Consider the simple numerical example below:

Suppose we would like to fit a straight-line relationship to the following data:

\(X\) 1 2 3 4 5 6
\(Y\) 7 8 12 13 14 18

The problem is to use this information to measure the intercept and the gradient for this data set.

A simple way to do this is to draw what is considered to be the line of best fit by judgement or guesswork! 😁😉

The intercept can be read off the graph as approximately \(5\), and the gradient can be simply measured since if \(X = 0\) then \(Y = 5\), and if \(X = 5\) then \(Y = 15\), so for a change in \(X\) of \(5\) units (from 0 to 5) \(Y\) changes by \(10\), from \(5\) to \(15\). The definition of the gradient is The change in Y for a unit increase in X hence the gradient for this data set is \(10/5 = 2\).

The straight-line relationship obtained by this process is \[\hat{Y} = 5 + 2*X\].
Note, \(\hat{Y}\) is a notation for the value of \(Y\) as predicted by the straight-line relationship.

We can add more information about the predicted values of \(Y\) by the “estimated” model to our table, so that we have

X Y \(\hat{Y}\) \({Y - \hat{Y}}\)
1 7 7.00 0.00
2 8 9.00 -1.00
3 12 11.00 1.00
4 13 13.00 0.00
5 14 15.00 -1.00
6 18 17.00 1.00

Looking at the information contained in the previous plot, the column headed \(\hat{Y}\) contains the predicted values of \(Y\) for the values of \(X\). For example, the first value of \(\hat{Y}\) is when \(X = 1\) and \(Yp = 5 + 2*X\) so \(\hat{Y} = 5 +2*1 = 7\). The column headed \((Y - \hat{Y})\) is the difference between the actual value and the value predicted by the line. For example when \(X = 1\), \(Y = 7\) and \(\hat{Y} = 7\) so the predicted value lies on the line, as can be seen in the graph. For the value \(X = 2\) the actual value lies \(1\) unit below the line, as can also be seen from the graph.

The column \((Y - \hat{Y})\) measures the disagreement between the actual data and the line and a sensible strategy is to make this level of disagreement as small as possible. Referring to the graph on the table above notice that sometimes the actual data value is below the line and sometimes it is above the line, so on average the value will be close to zero. In this particular example the sum of the \((Y - \hat{Y})\) values add up to zero (in a more conventional notation \(\Sigma(Y - \hat{Y}) = 0\)). The quantity \(\Sigma(Y - \hat{Y})\) does not seem to be a satisfactory measure of disagreement, because there are a number of different lines with the property \(\Sigma(Y - \hat{Y}) = 0\).

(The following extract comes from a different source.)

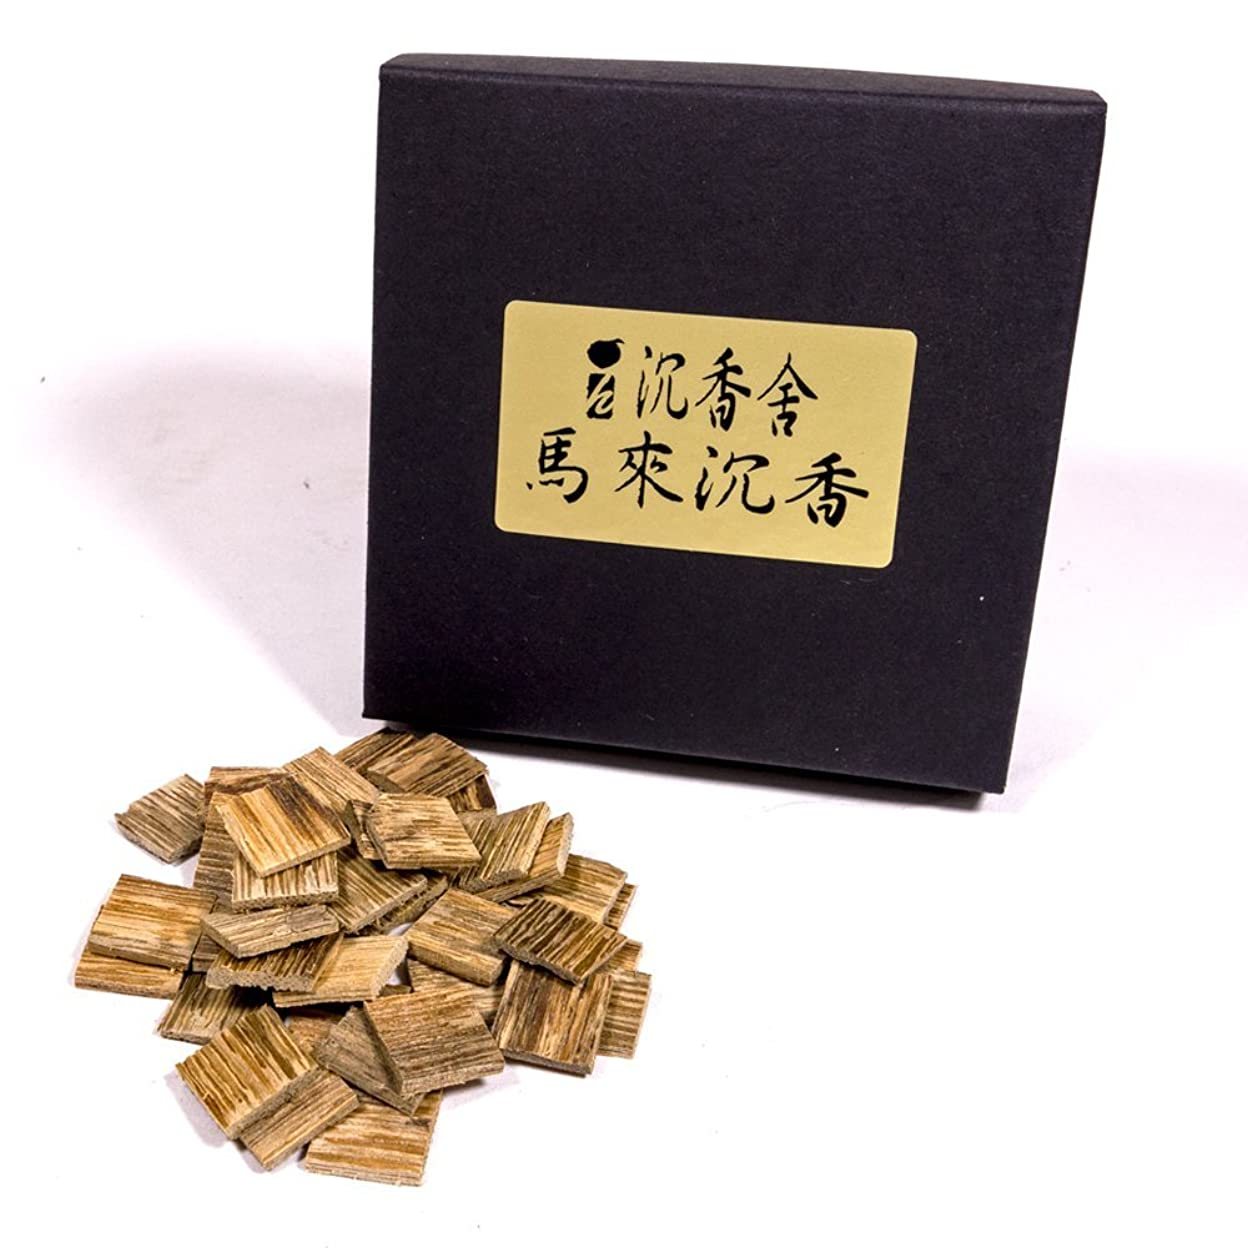 中止します有用可能にする馬來西亞 沈香角割刻み マレーシア産 沈香 5g お香 お焼香 焼香 天然沈香香木刻み こづつ用
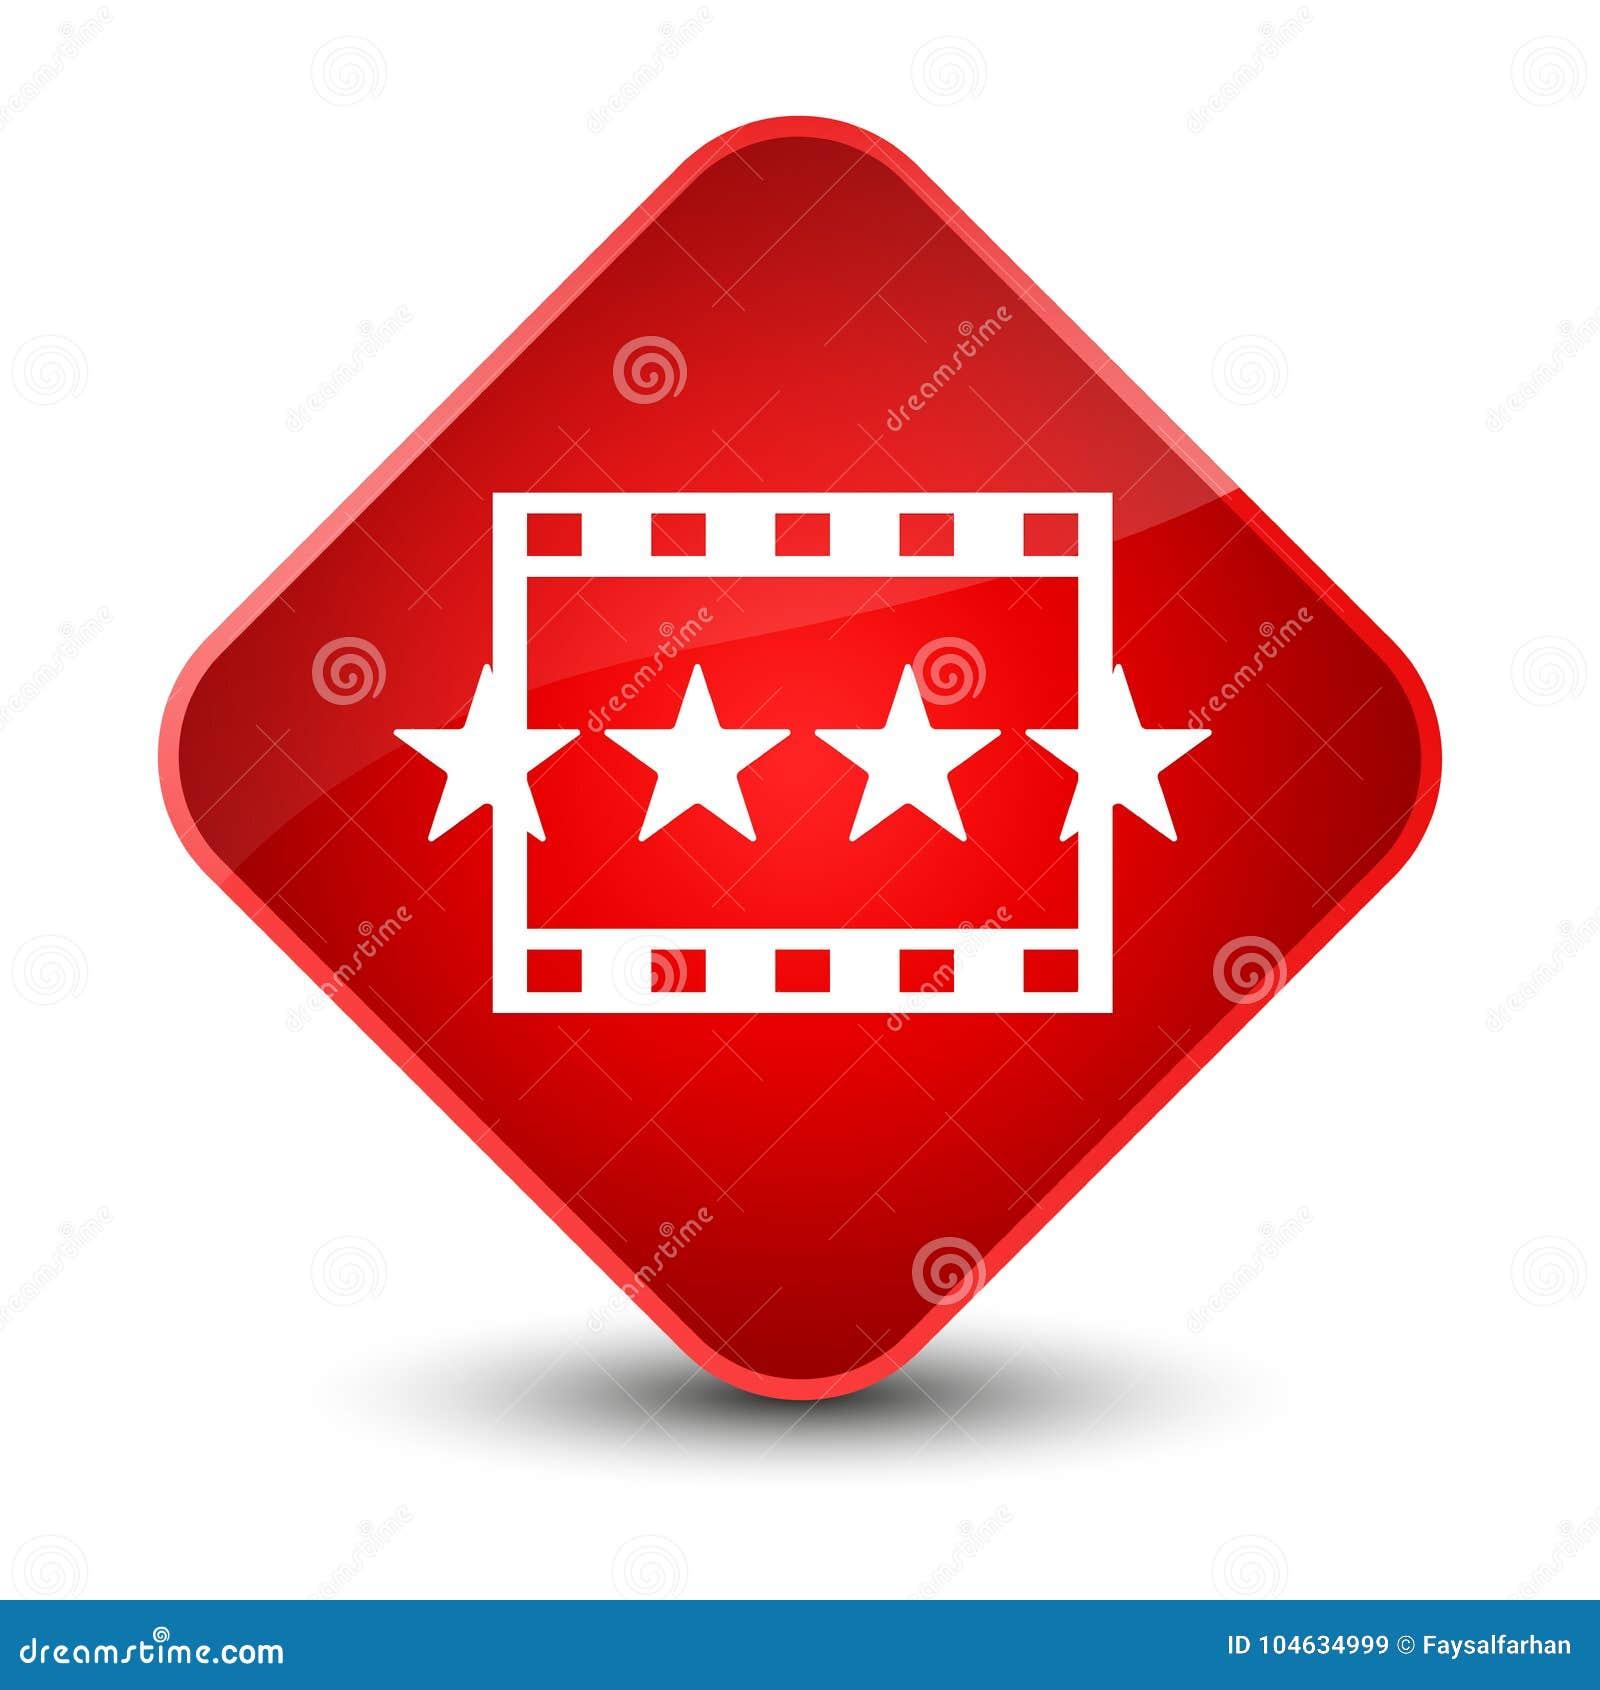 Download Knoop Van De Het Pictogram De Elegante Rode Diamant Van Filmoverzichten Stock Illustratie - Illustratie bestaande uit symbool, film: 104634999

A way of obtaining a satisfactory measure of disagreement is to square the individual \((Y - \hat{Y})\) values and add them up. i.e. obtain the quantity \(\Sigma(Y - \hat{Y})^2\). The result is always a positive number since the square of a negative number is positive. If this quantity is then chosen to be as small as possible then the level of disagreement between the actual data points and the fitted line is the least. This provides a criterion for the choice of the best line.

The quantity \(\Sigma(Y - \hat{Y})^2\) can be easily calculated and added to our table

X Y \(\hat{Y}\) \({Y - \hat{Y}}\) \((Y - \hat{Y})^2\)
1 7 7.00 0.00 0
2 8 9.00 -1.00 1
3 12 11.00 1.00 1
4 13 13.00 0.00 0
5 14 15.00 -1.00 1
6 18 17.00 1.00 1

The quantity \(\Sigma(Y - \hat{Y})^2\) is a measure of the disagreement between the actual \(Y\) values and the values predicted by the line. If this value is chosen to be as small as possible then the disagreement between the actual Y values and the line is the smallest it could possibly be, hence the line is The line of Best Fit.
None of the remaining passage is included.